Latest developments: ETF investors have proven more resilient in Bitcoin’s recent selloff than many expected. In an interview on CoinDesk’s market outlook, Eric Balchunas, senior ETF analyst at Bloomberg Intelligence, highlighted several key data points that point to this stability.
- Bitcoin is down more than 40% from recent highs, a move that has roiled the historically retail-heavy crypto market.
- Over the same period, only 6.6% of Bitcoin ETF assets exited.
- “So far, the ETF boom has been really successful,” he said.
Reasons why ETF holders should own: Balchunas argues that ETF investors are structurally different from crypto-native traders.
- Many ETF buyers treat Bitcoin as a 1% to 2% “hot sauce” allocation alongside stocks and bonds, rather than a core holding.
- Their broad portfolios benefit from strong stock markets, cushioning the psychological blow of crypto losses.
- Balchunas said ETF investors “tend to hold very strong assets” because they have lived through multiple market cycles with traditional assets.
Contrast with crypto native: Even the same price reduction can feel very different depending on the level of exposure.
- Investors focused on Bitcoin are facing what Balciunas describes as “existential crisis mode.”
- Leveraged traders and long-term holders may be exerting more selling pressure than ETF investors.
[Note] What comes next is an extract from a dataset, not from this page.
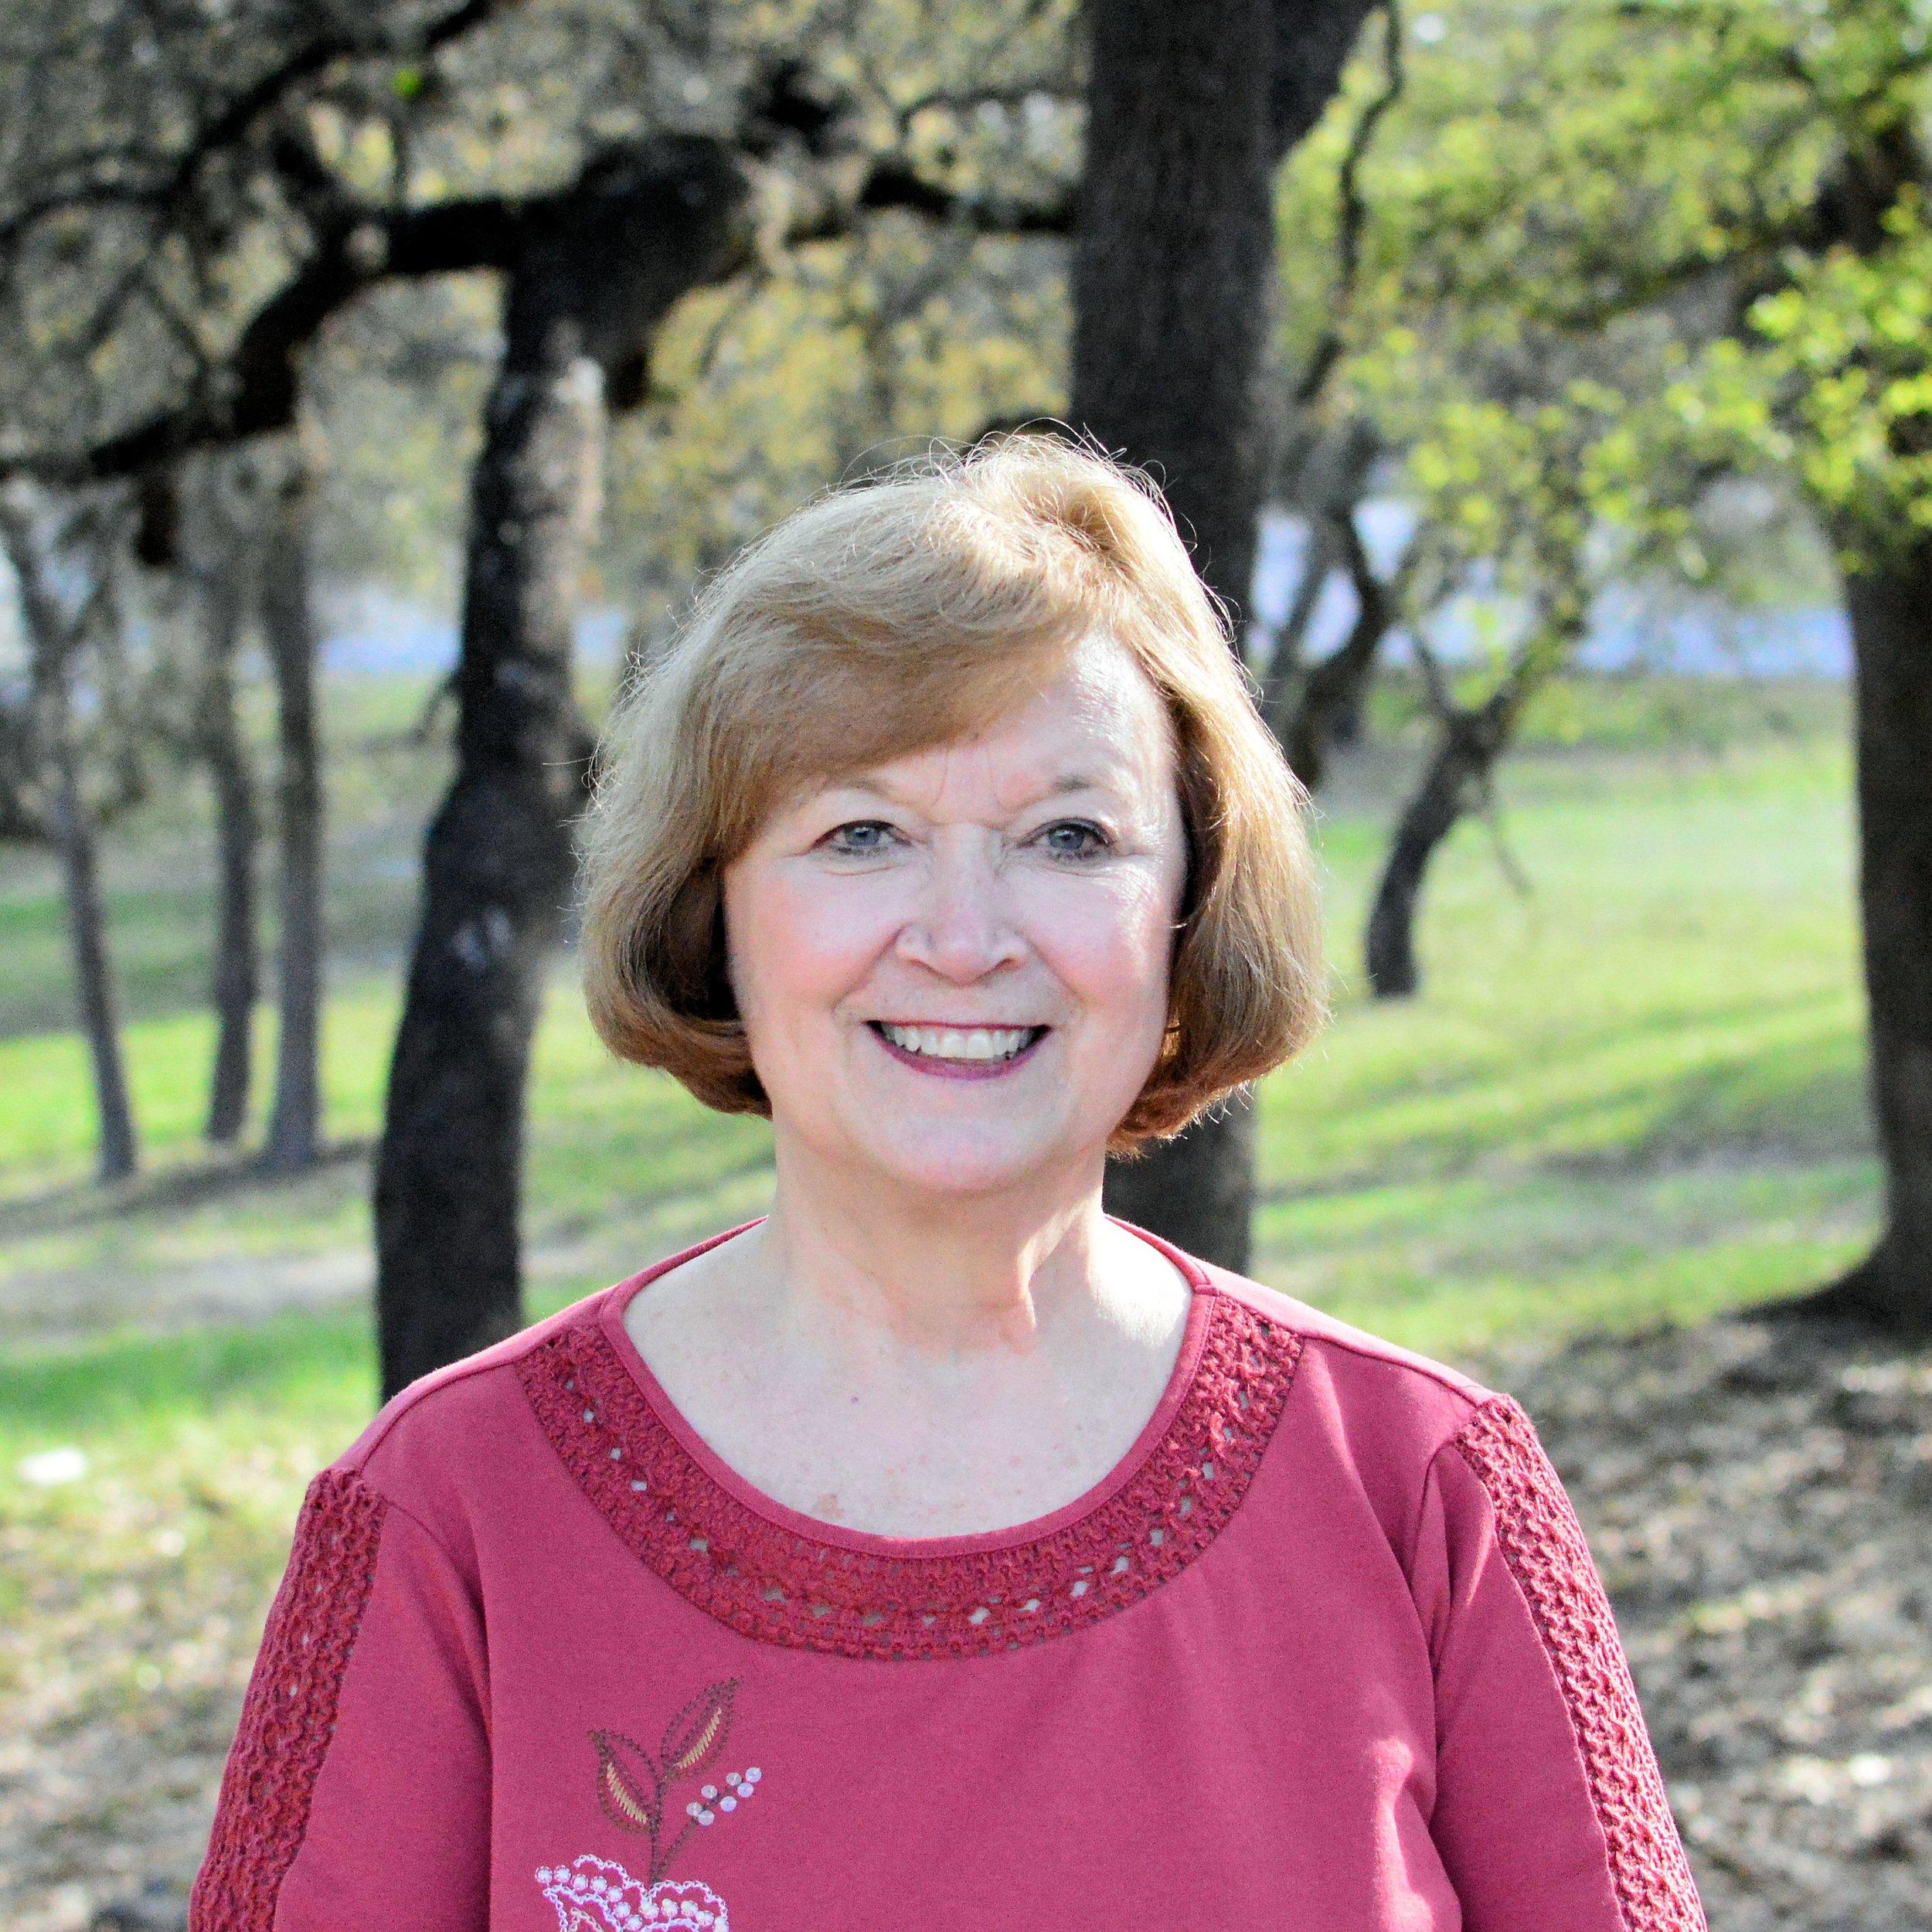 Scotta Williams - Secretarychurch@gracefellowshipabc.com

- “Volatility is the cost of return,” Balciunas said, noting that Bitcoin has historically endured seven or eight similar declines.
Lessons from gold ETFs: Balciunas sees similarities between Bitcoin and gold as assets wrapped in ETFs.
- About 10 years ago, gold ETFs fell about 40% in six months, losing about a third of their assets during that time.
- Nevertheless, the gold ETF later restructured its assets and now holds about $160 billion.
- Bitcoin ETFs briefly rivaled the size of gold ETFs before the recent selloff, highlighting how flows can reverse over time.
What happens next: While volatility is likely to continue, ETFs could cement Bitcoin’s place in traditional finance.
- Balciunas said that looking at Bitcoin’s 17-year history, we see that it has repeatedly rebounded to new highs after significant declines.
- Due to the structure of ETFs, Bitcoin now sits alongside stocks, bonds, and commodities in mainstream portfolios.
- “A decline does not mean the end,” he said. “It just means sales.”